Aneurysm wall biology
Goal: We aim to elucidate mechanisms involved in development, growth, rupture, and healing of intracranial aneurysms. The ultimate goal is to find a treatment modality that allows reconstituting affected intracranial vessel walls ad integrum.
Hypothesis: We hypothesis that mural cell loss is a key event leading to intracranial aneurysm growth, rupture, and poor healing after endovascular therapy. We further assume that more profound knowledge of intracranial aneurysm wall biology can offer new therapy solutions and help in the decision-making process of the treatment of unruptured intracranial aneurysms.
Endovascular device development
Goal: The rapidly evolving fields of cerebrovascular neurosurgery in combination with recent advances in material sciences and micro-engineering harbor a potential for the development of new surgical instruments and tools, to make neurosurgical procedures safer and better than they used to be.
Hypothesis: In order to provide the best possible service to our patients based on up-to-date knowledge and newest scientific achievements, constant replacement and refinement of our surgical armamentarium is indispensable. Therefore, we are committed to collaborate closely among clinicians, basic scientist from different fields and industrial partners.
Extracranial aneurysm models
Goal: We aim to develop new preclinical animal models of extracranial aneurysms with similar hemodynamic, morphologic, and histologic characteristics as human intracranial ones. Such models are of great significance to allow a better understanding of the pathophysiological processes and help the development and the testing of new therapeutic strategies.

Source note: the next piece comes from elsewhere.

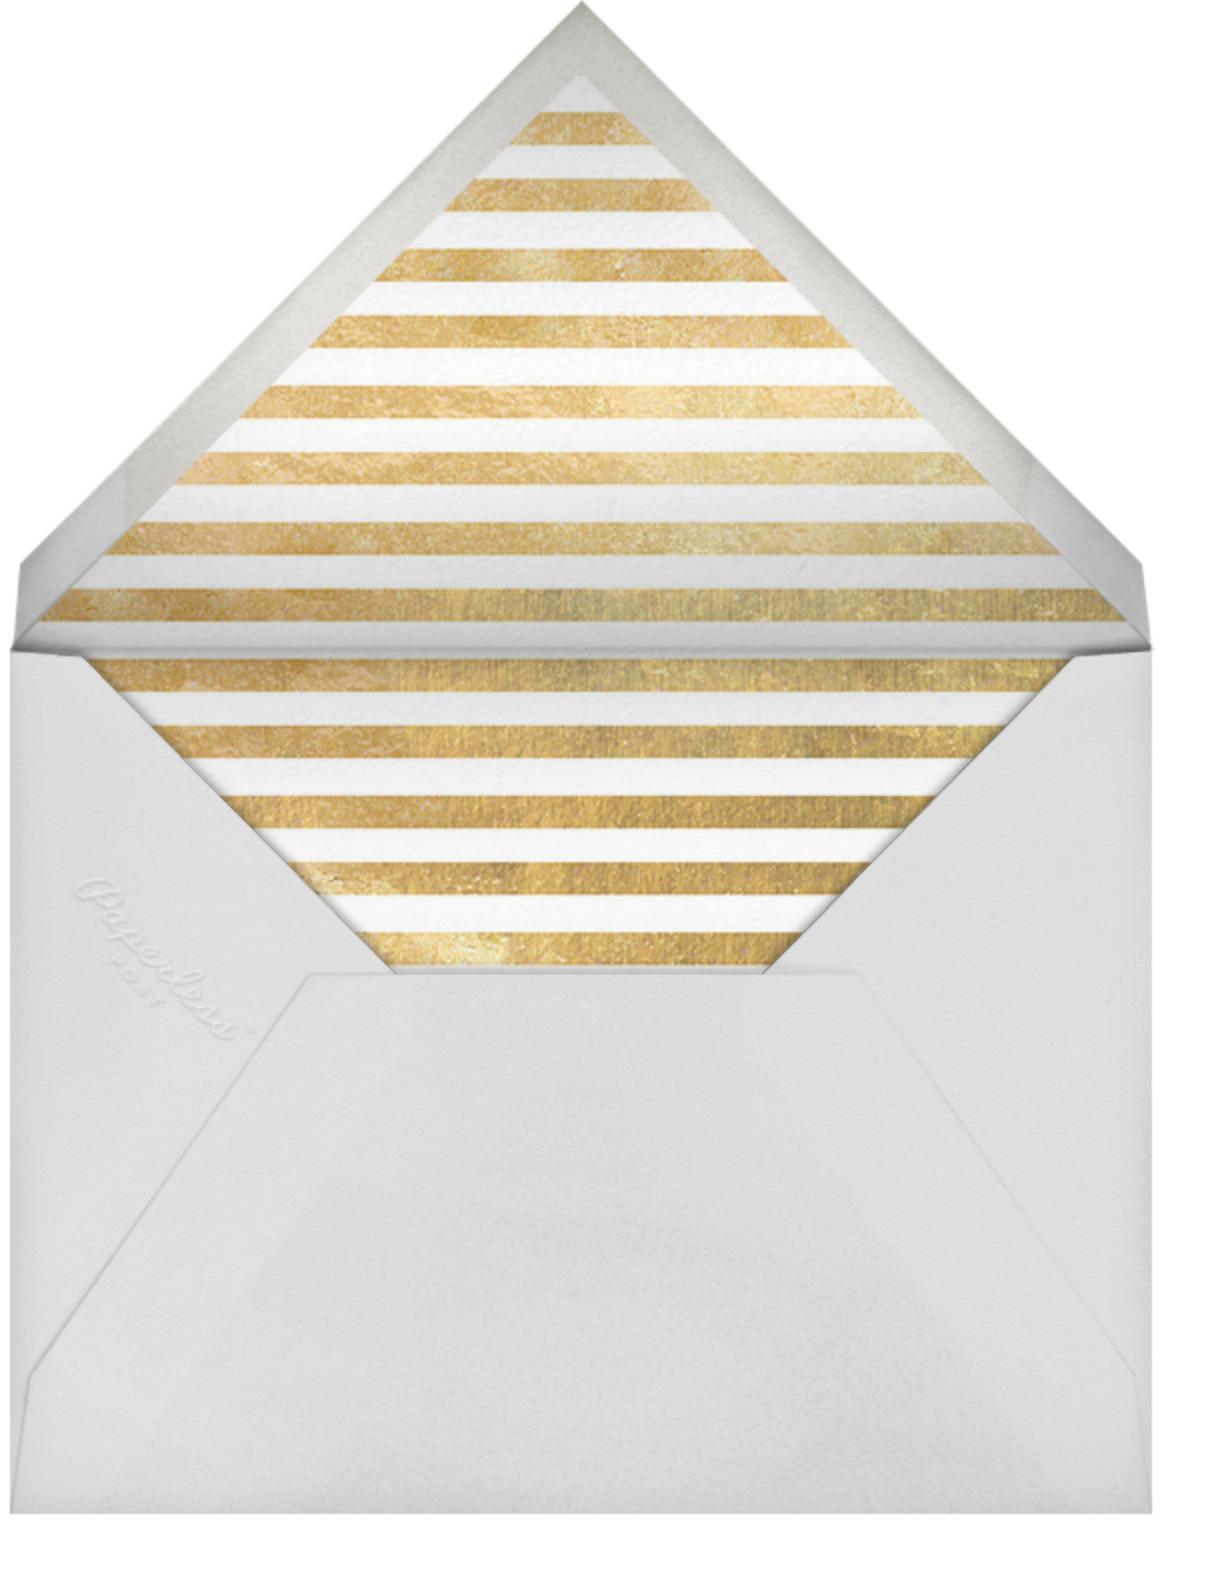 Pop Fizz Clink! (Tall) - kate spade new york - Adult birthday - envelope back
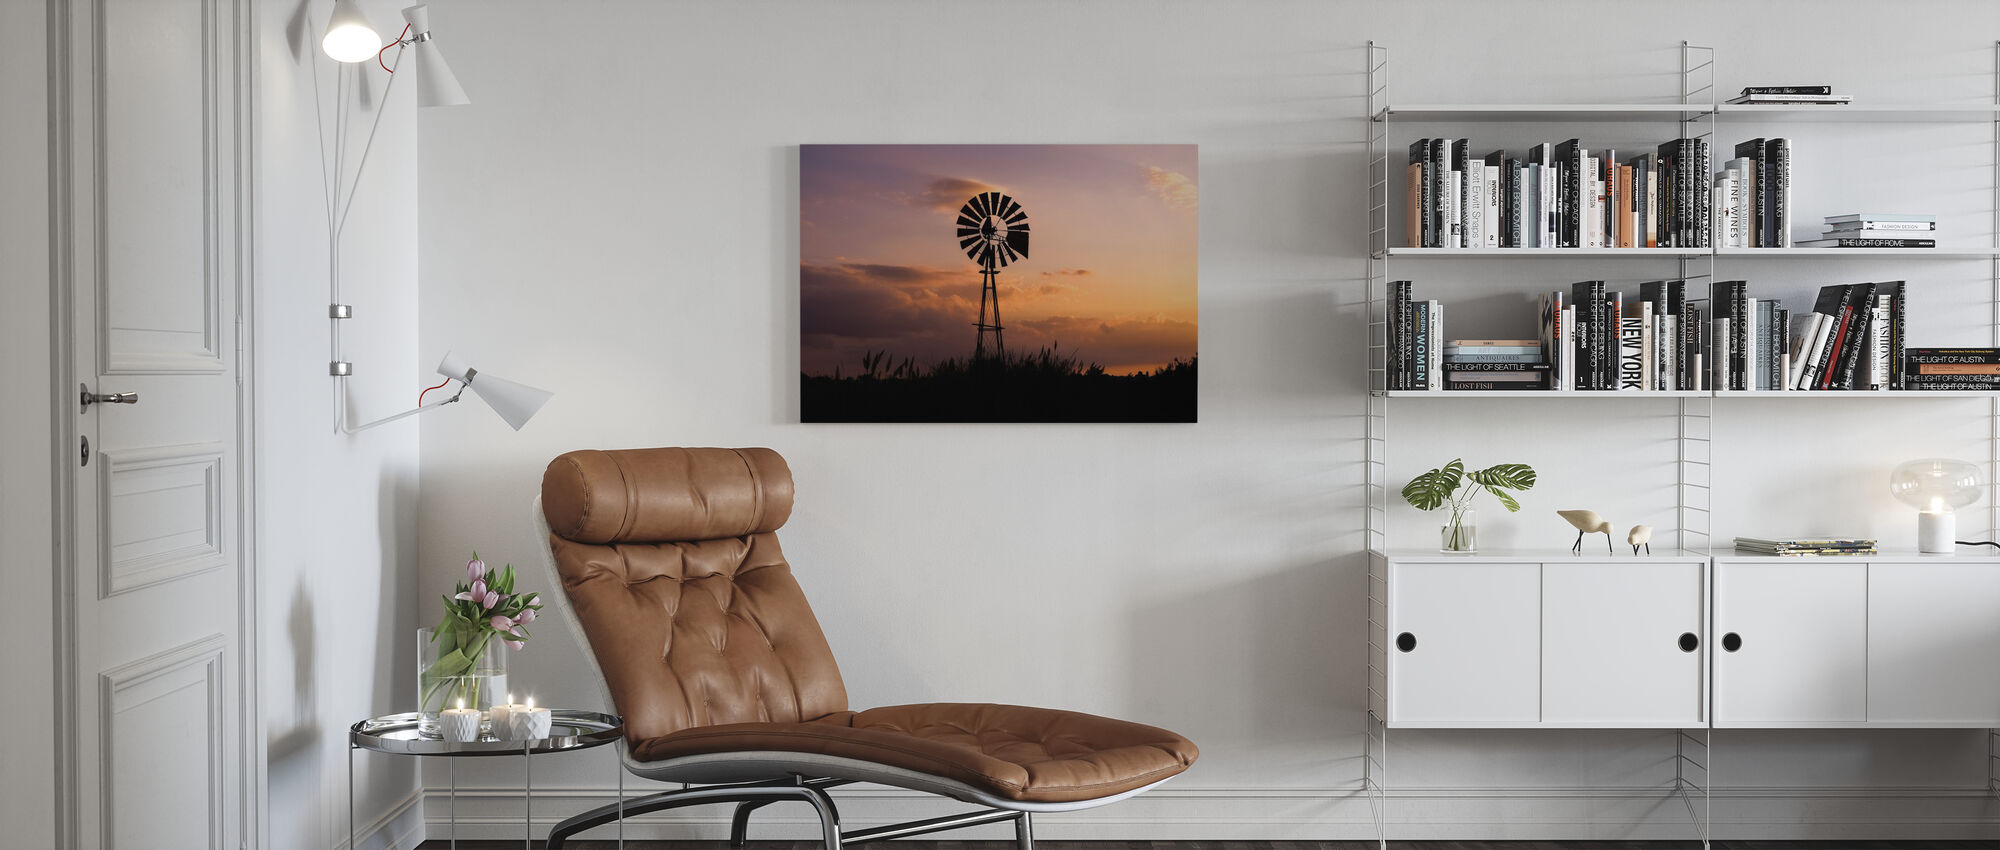 Windmill Sunset - Canvas print - Living Room

Hypothesis: A rabbit aneurysm model showing two elastase-digested saccular aneurysms with different hemodynamic conditions (e. g. stump and bifurcation) within the same animal would allow to study and compare the natural course and potential treatment strategies on the basis of aneurysm biology under consideration of different flow conditions.
Subarachnoid Hemorrhage
Goal: We aim to discover new therapeutic approaches to diminish detrimental sequelae after aneurysmal subarachnoid hemorrhage (SAH). The closed-cranium rabbit shunt SAH model, developed and established by our group, mimics human pathophysiological features of aneurysm rupture and allows to examine research questions associated with both cerebral vasospasms and early brain injury.
Hypothesis: Tocilizumab reduces CVS, microcirculatory dysfunction, neuroinflammation and neurodegeneration after SAH.